Plus tard, on lui prêta les pouvoirs du rabbin Jacob Loeb qui, à Prague, avait créé un être à distance par sa pensée, le Golem, dont les apparitions blêmes terrorisaient la ville. Prague était pourtant la ville la plus magicienne d'Europe, privilégiée des sciences occultes.

Quant à la pierre noire à travers laquelle il captait ce qu'il appela « les voix énochiennes », était-elle venue d'un autre monde ? Avait-il eu des émules qui en possédaient des fragments ?

Le sorcier retira, de sous une pile de manuscrits, des feuillets rongés au bord à croire qu'on avait essayé de faire de la dentelle et lui montra le titre du livre en question, qu'elle eut la surprise de déchiffrer en anglais «A true and faithfull relation of what passed between dr. John Dee and some spirits »6.

Les autres aussi, Saint-Edme, Argenteuil, ils lui faisaient pitié et même peur avec leur ignorance malhabile et leurs manipulations perverses, grossières. Il les avait renvoyés avec leur boîte d'hosties. Pour rien au monde, il n'y aurait touché.

– Ce Varange a commis une grave infraction, il a mêlé aux rites que je lui avais indiqués ceux de la conjuration de Belzébuth car l'être qu'il convoquait était un démon. Il a déclenché des forces dangereuses terribles. Et désormais la pierre noire est maudite, je ne peux plus m'en servir.

Il la regardait en clignant des paupières comme si chaque fois ce qu'il lisait en elle l'embarrassait.
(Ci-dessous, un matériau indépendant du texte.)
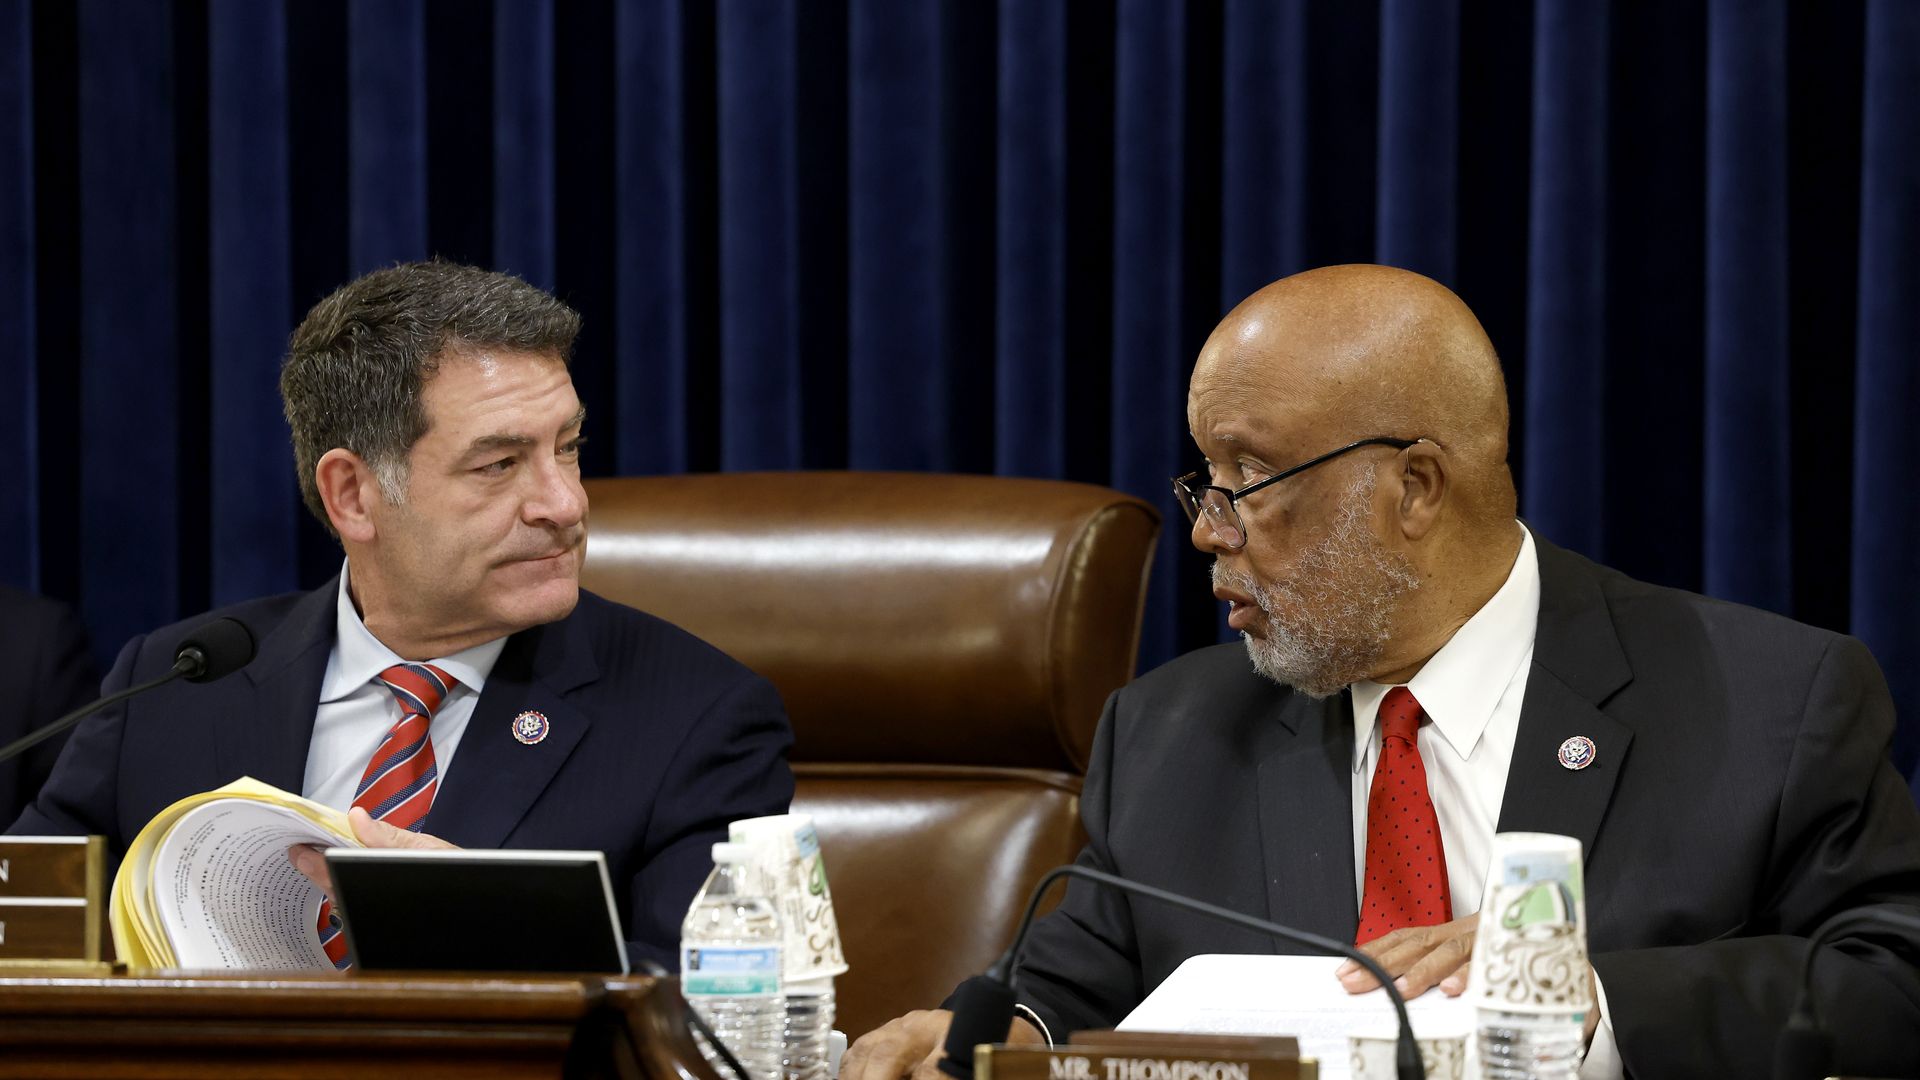 Committee chairman Rep. Mark Green (R-TN) and ranking member Rep. Bennie Thompson (D-MS) speak to one another during a hearing with the House Committee on Homeland Security

– Dans toute conjuration de Belzébuth, l'animal doit être vivant.

– Le mal se repaît de la douleur des êtres vivants.

Le Bougre Rouge haussa les épaules.

– Mal ? Bien ? Ange ? Démon ? Ce ne sont que des mots qui dissimulent l'intervention des Invisibles. Les esprits mauvais veulent le sang vivant car c'est le rayon rouge de la vie, et ils veulent le souffle vivant qui l'anime, car ils sont jaloux du don des hommes qu'ils ont perdu ou ne posséderont jamais...

Angélique frissonnait.

« Oh ! Joffrey, ils ont voulu t'entraîner dans ces ténèbres, te condamner comme sorcier... Quelle aberration ! »
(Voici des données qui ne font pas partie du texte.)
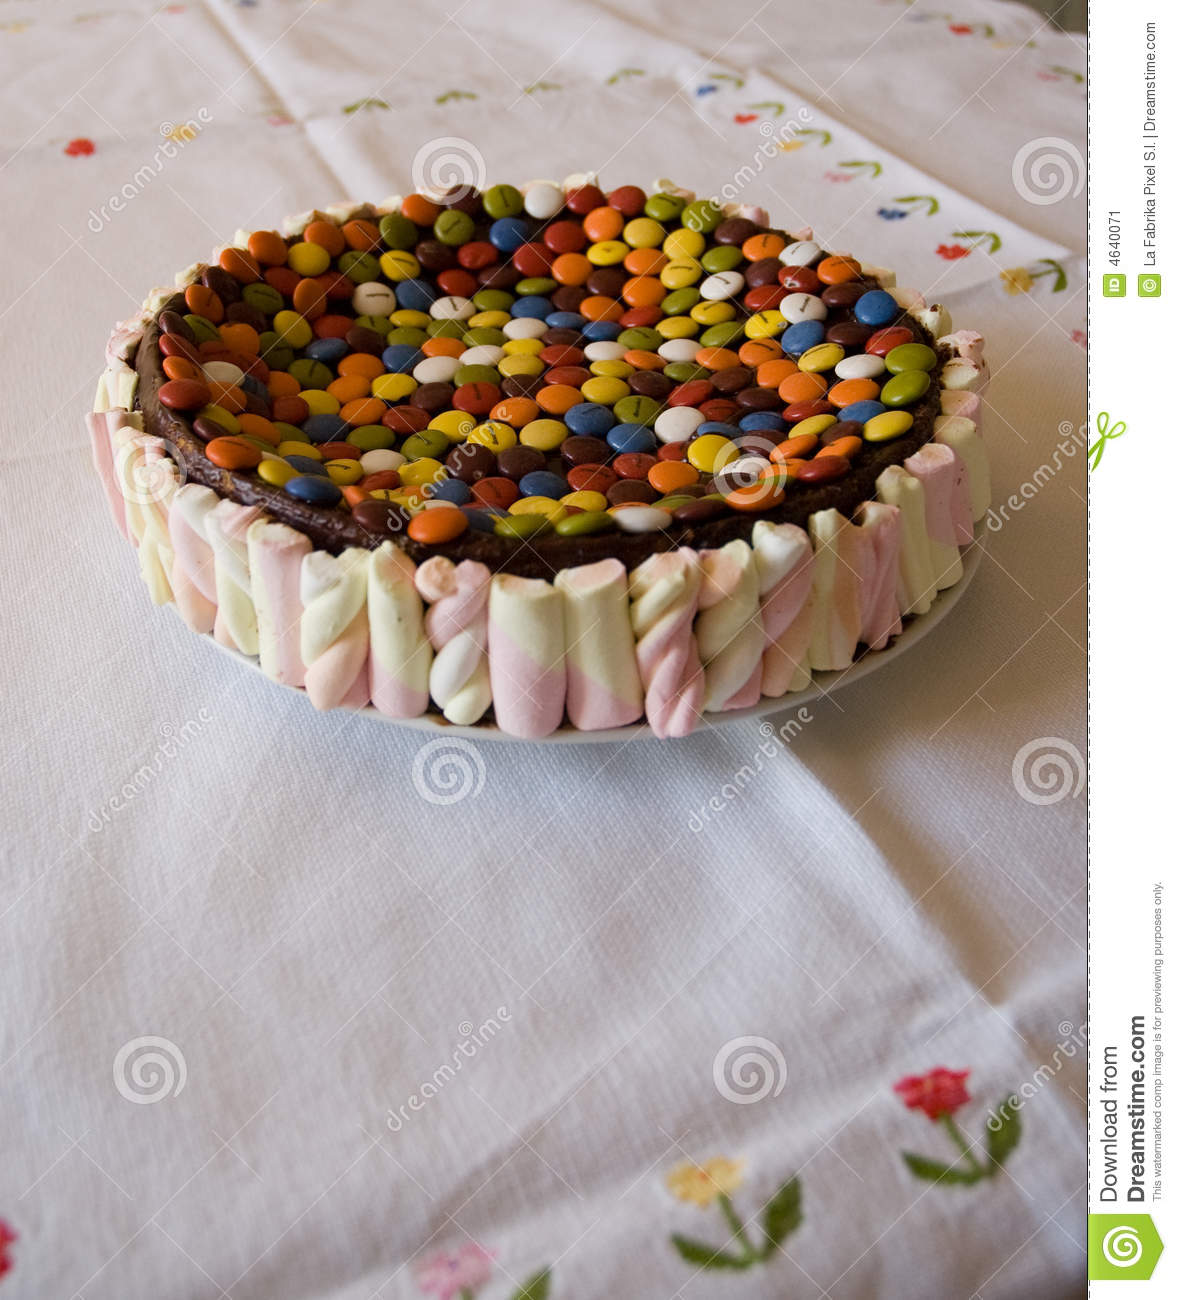 Chocolate Cake with Candy

– Mais ici, les choses ne se passent pas comme dans l'Ancien Monde, continuait le sorcier. Nous ne sommes pas nombreux comme dans les campagnes d'Europe. Je suis seul ou presque seul à SAVOIR, Madame.
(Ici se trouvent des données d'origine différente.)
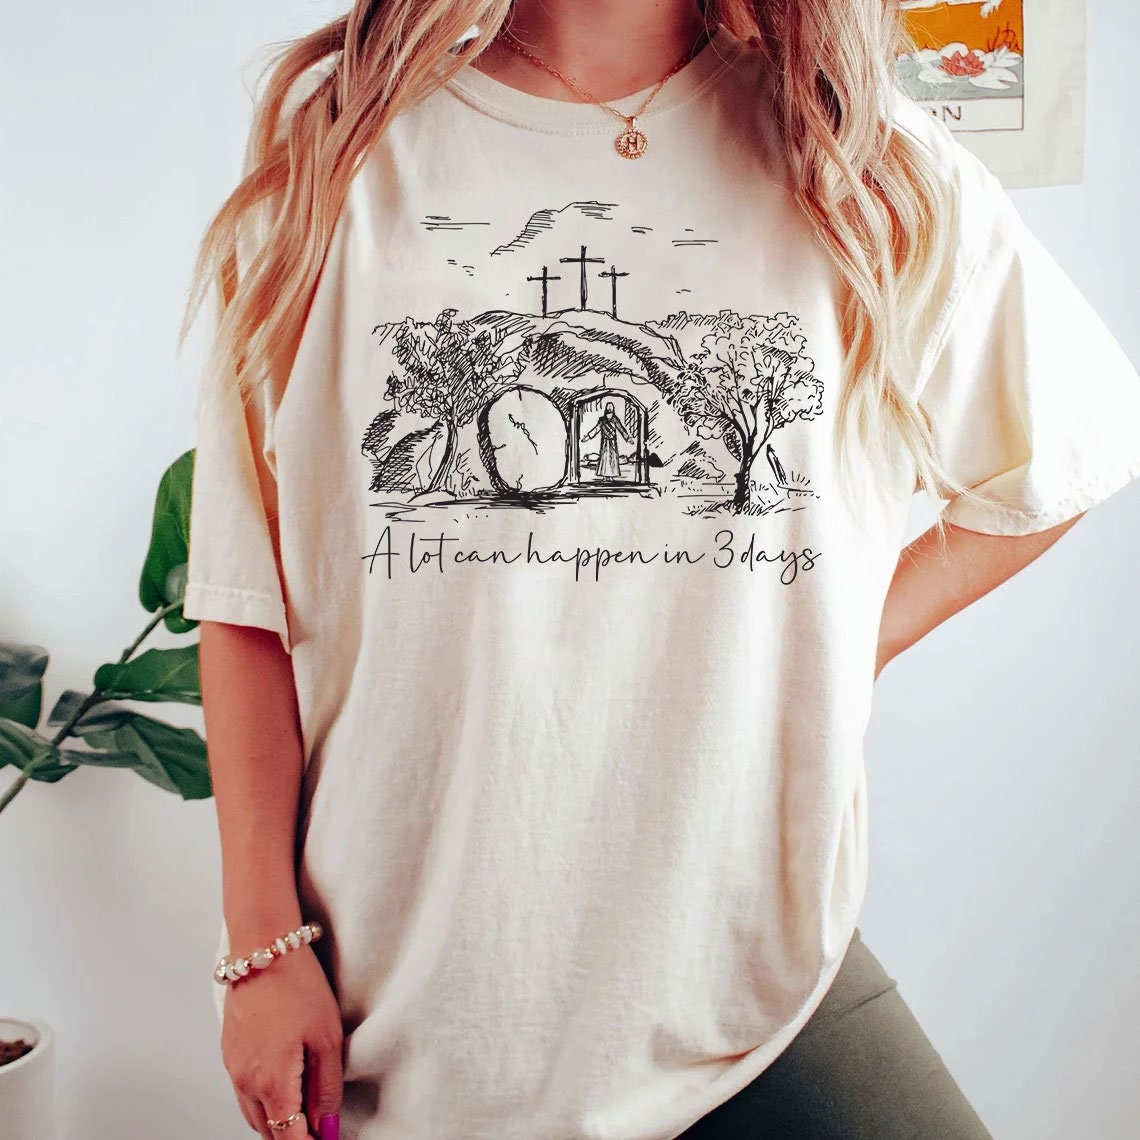 A Lot Can Happen In 3 Days Shirt, Easter Gifts, Gift For Christian

Il lui désigna les livres qui s'amoncelaient. On devait à peine s'étonner qu'en une ville où tous se piquaient d'instruction un sorcier possédât une bibliothèque de théologien.

Il lui montra une copie du Livre de Toth, L'Apocalypse alchimiste de Basile Valentin, Le miroir des secrets de Roger Bacon, Le désir désiré de Nicolas Flamel, Le rosaire philosophique d'Arnaud de Villeneuve et, en anglais, Le livre des douze portes de Ripley. Tous livres maudits, mais qui voisinaient avec Le paradis ouvert à Philagie du jésuite Paul de Bary et de doctes essais de l'Université de Louvain. Où et quand s'était-il procuré tant de rares spécimens ? Elle retenait ces questions futiles auxquelles la poussait une féminine curiosité.

– Chaque temps est le temps d'une sphère, expliquait-il. Une fois la révolution accomplie il faut passer à une autre sphère car les sphères se rejoignent sans fin. Je dois maintenant me consacrer à l'étude. Il y a des choses nouvelles à découvrir ici que les prêtres ne prennent pas en considération.

– Vous renoncez à la magie noire ?

Il ricana.

– Magie noire ? Magie blanche ? Je vous ai dit que c'est tout comme. Les prêtres aussi ont fait couler le sang vivant et pendu l'innocent au croc du supplice.

Puis il ajouta dans un chuchotement complice.

– ... Vous le savez comme moi... Mais il ne faut pas le dire, sinon ils allumeront encore le feu des purifications... Et, maintenant, belle dame, remontez dans votre perchoir de la Haute-Ville. Car s'annonce la dernière tempête, la plus terrible.